Phyllostachys aurea is a species of bamboo, and is of the 'running bamboo' type, belonging to the diverse Bambuseae tribe. It is native to Fujian and Zhejiang in China. It is commonly known by the names fishpole bamboo, golden bamboo, monk's belly bamboo, and fairyland bamboo (Australia).

==Cultivation==
Phyllostachys aurea is cultivated as an ornamental plant for gardens.
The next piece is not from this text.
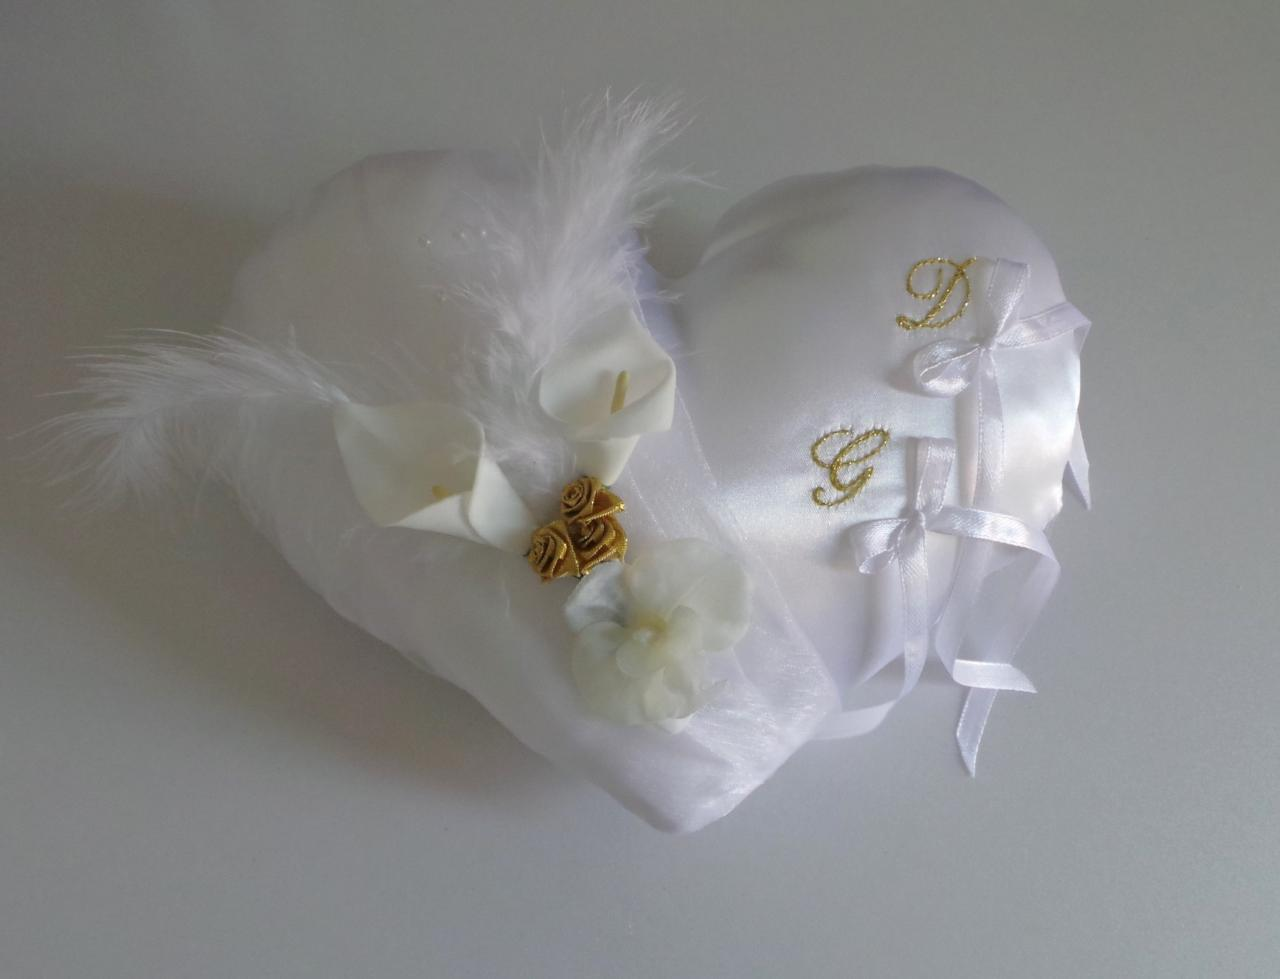 Coussin de mariage coeur blanc et or

In the United States, Australia, South Africa and Italy, it is considered an invasive species that crowds out native species and becomes a monoculture that is difficult to remove. It is a cold-hardy bamboo, performing well in USDA zones 6 to 10, (Connecticut to Florida). In the UK it has gained the Royal Horticultural Society's Award of Garden Merit. It is a tall evergreen species growing to 8 m
tall by 4 m broad. Like most bamboos it can become invasive if kept in warm, moist conditions in good quality soil with access to full sunlight. It is a prohibited species in New York.

===Cultivars===
Cultivars include:
- P. aurea 'Flavescens Inversa' – some lower culms may show a pale yellow stripe on the sulcus
- P. aurea 'Holochrysa' – common name "golden golden", culms turn yellow/gold sooner than the type form, random leaves have a yellow stripe
- P. aurea 'Koi' – culms turn yellow, but sulcus stays green, random leaves have a yellow stripe
- P. aurea 'Takemurai' – culms grow taller and lack the compressed internodes of the type form

==Uses==
P. aureas lush foliage makes it desirable for ornamental purposes and privacy hedges, and its characteristic 'knotty' compressed lower internodes render it desirable among collectors. It is well-suited to the making of bamboo pipes.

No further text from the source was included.